[[ EXTRACTED MATERIAL, beginning ]]

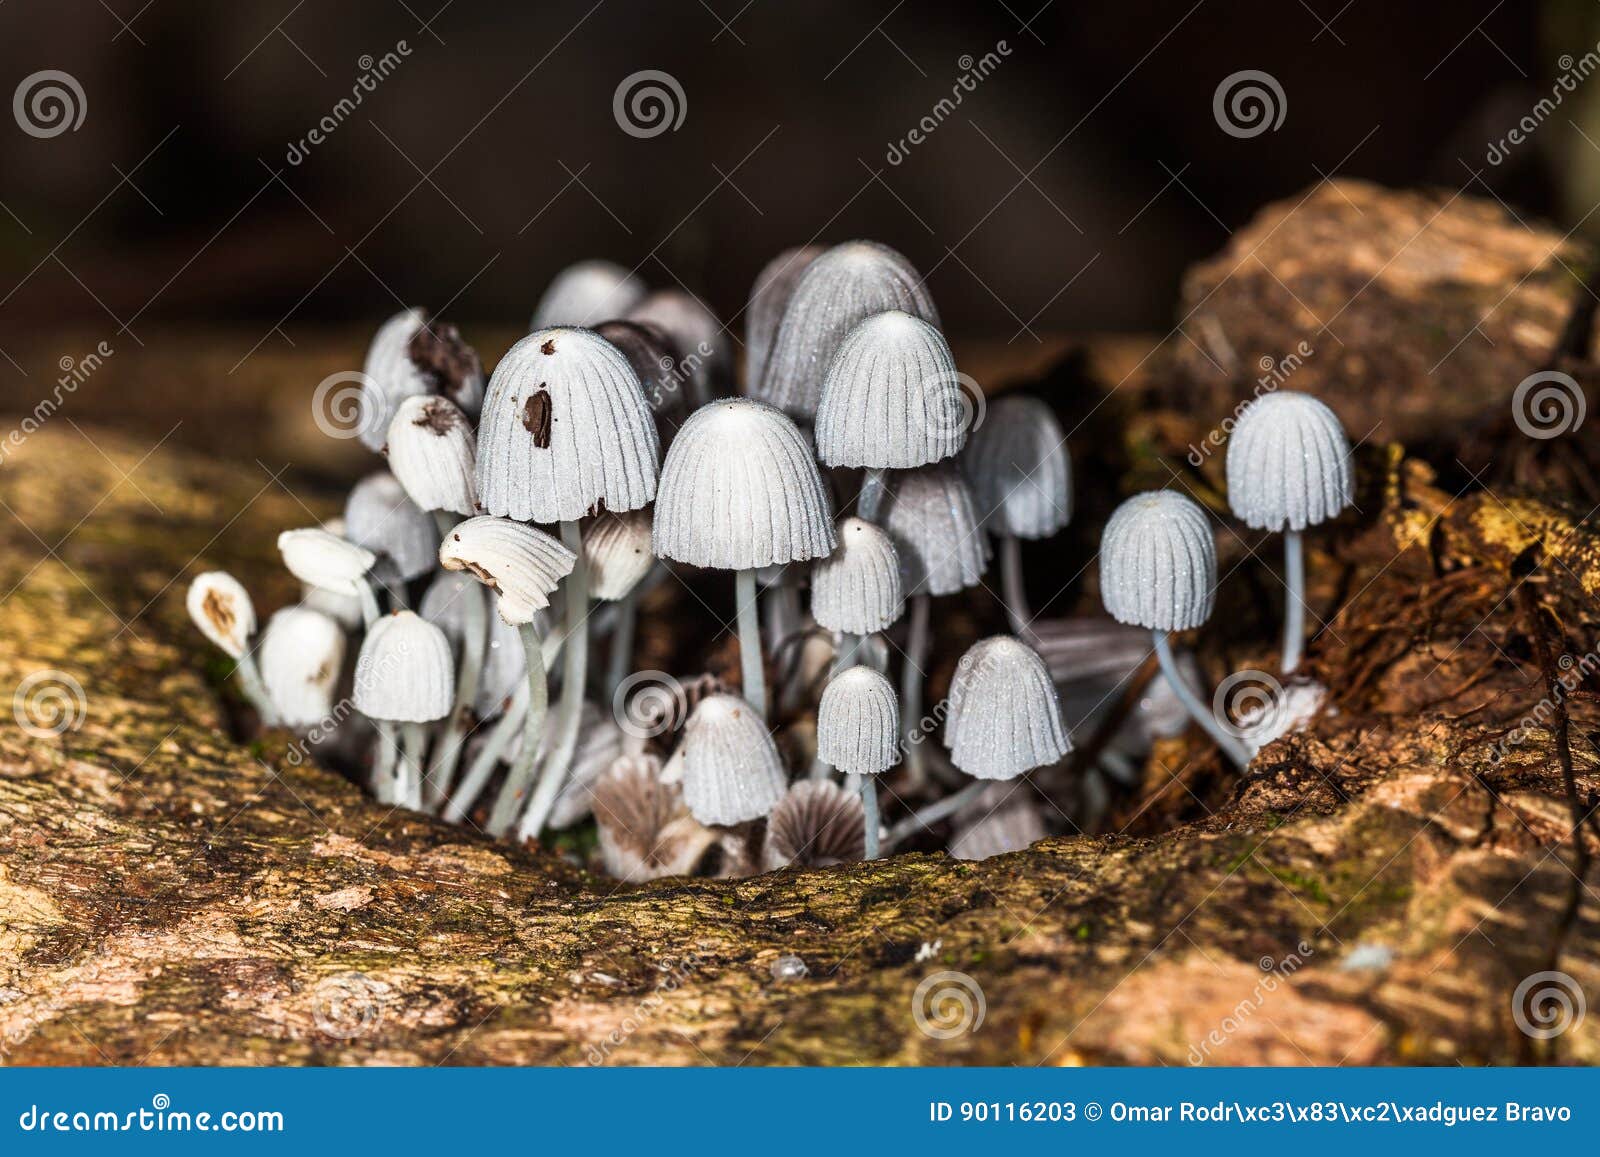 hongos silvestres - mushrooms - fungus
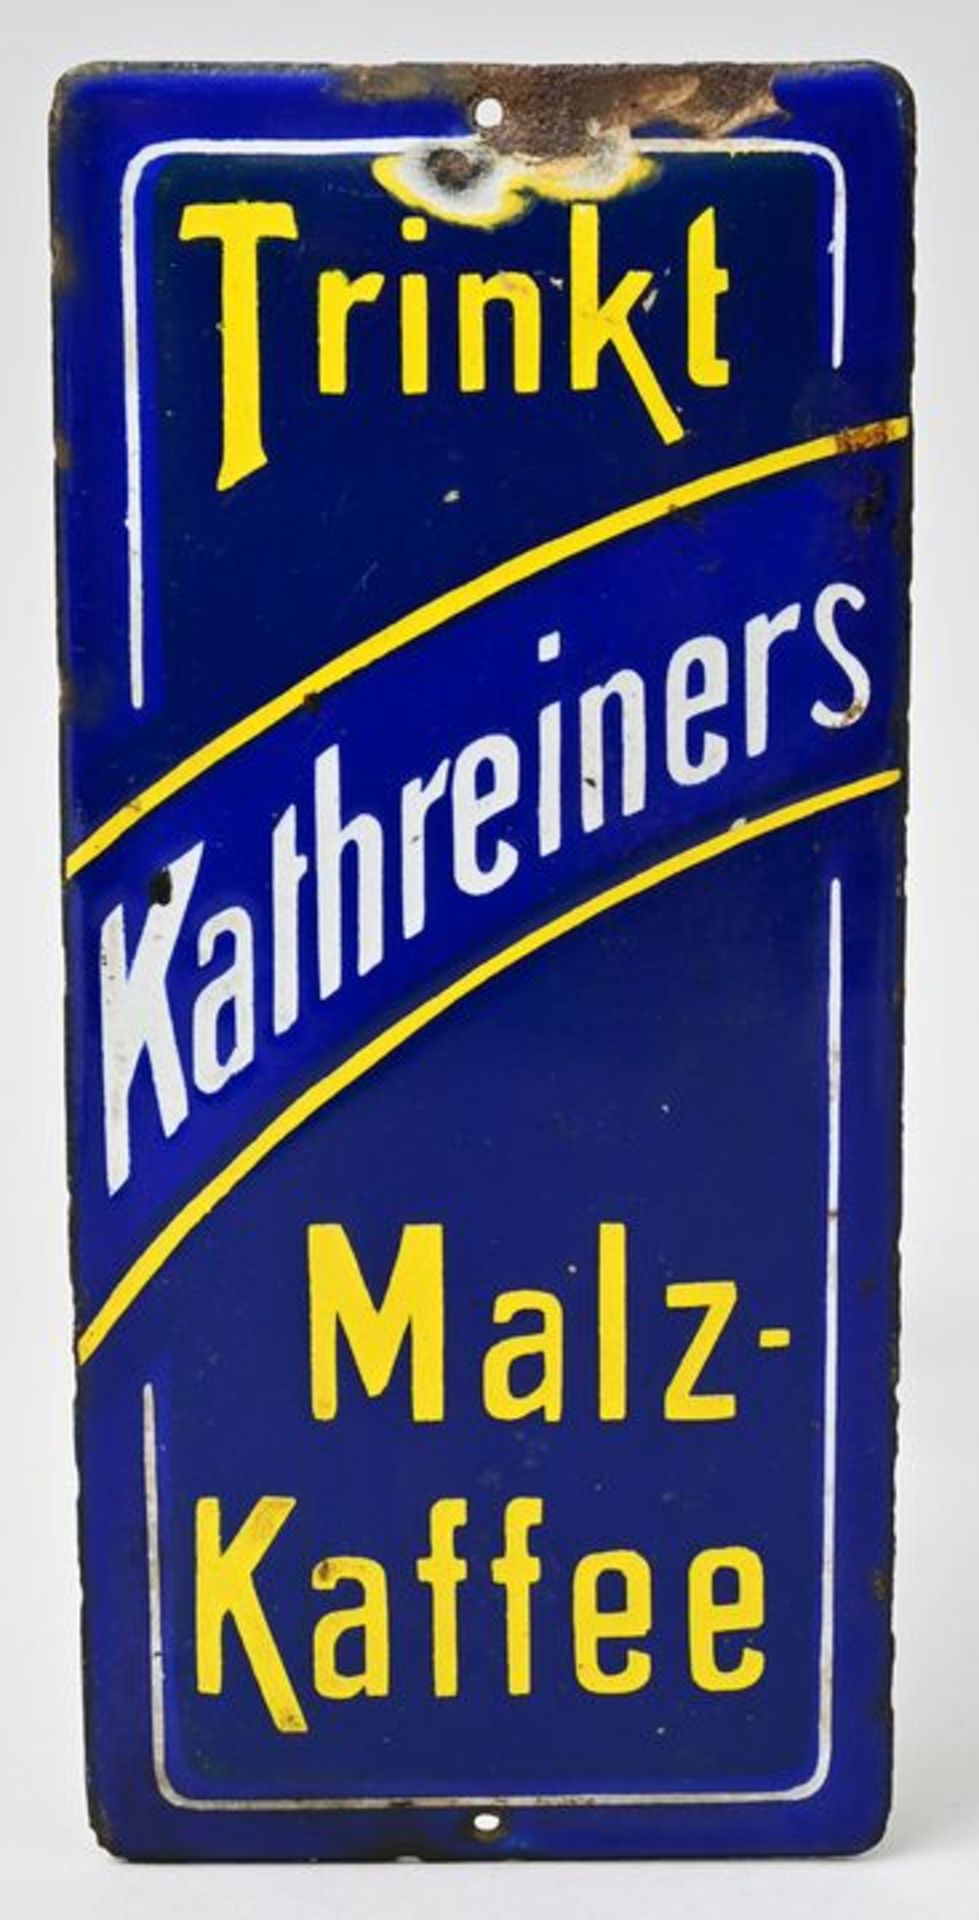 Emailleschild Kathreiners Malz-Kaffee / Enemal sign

[[ EXTRACTED MATERIAL, end ]]
[[ EXTRACTED MATERIAL, beginning ]]

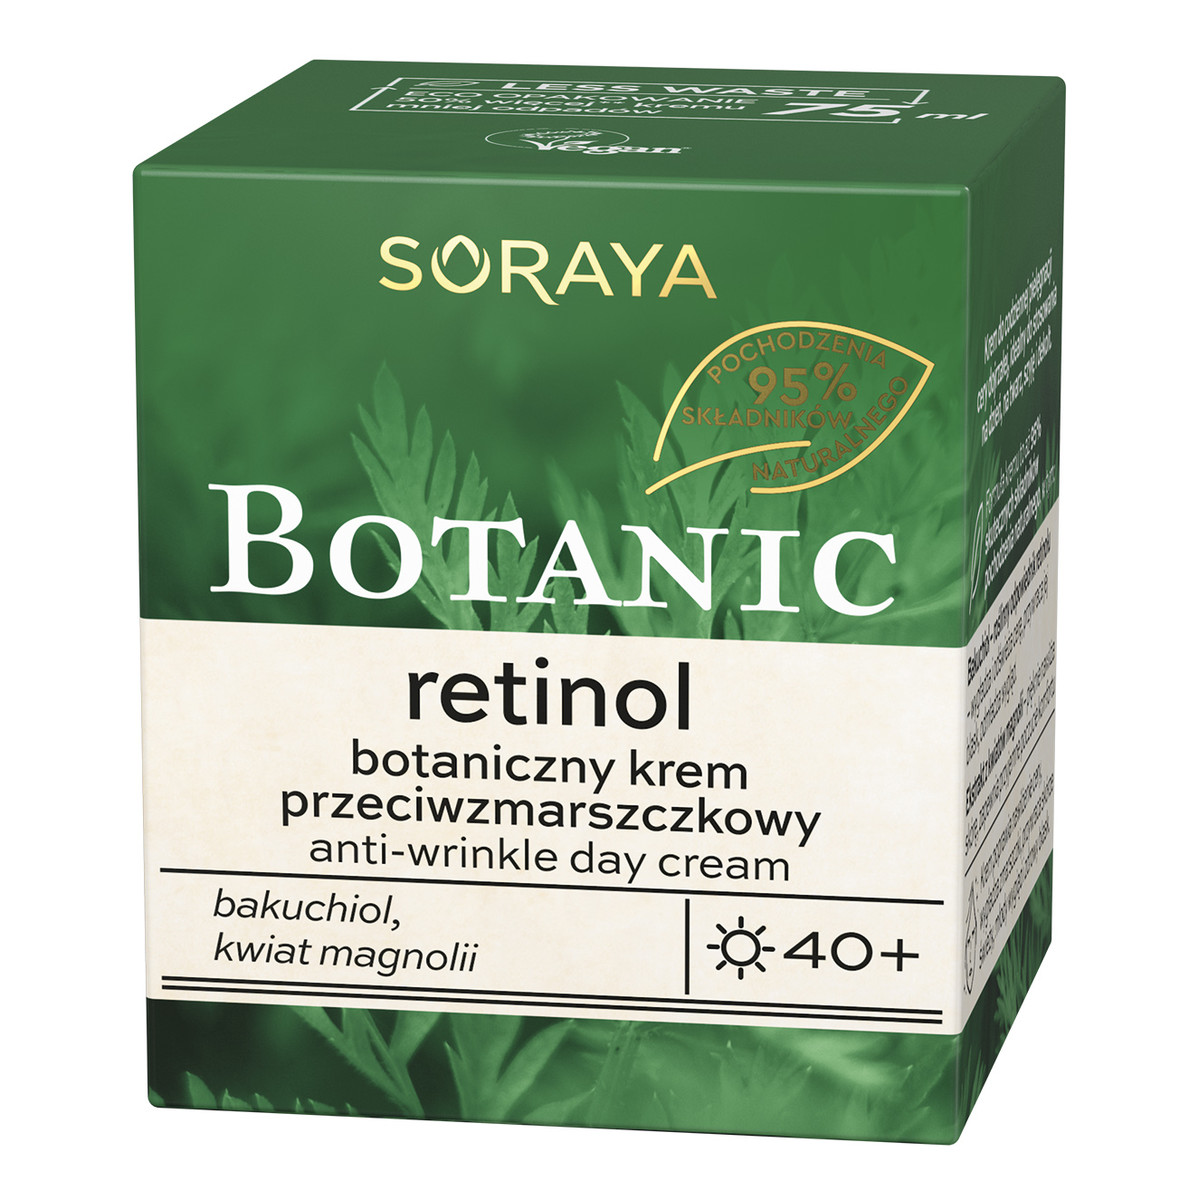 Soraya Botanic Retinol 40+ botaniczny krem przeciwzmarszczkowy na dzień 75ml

[[ EXTRACTED MATERIAL, end ]]

• [DIRECTIONS]: Up in the listing, locate the line with "hongos silvestres - mushrooms - fungus"; print it and every line after it down to the line with "Emailleschild Kathreiners Malz-Kaffee", which is included too. Skip the pictures.

• [OUTPUT FOR THIS EXERCISE]:
 hongos silvestres - mushrooms - fungus
 Emailleschild Kathreiners Malz-Kaffee / Enemal sign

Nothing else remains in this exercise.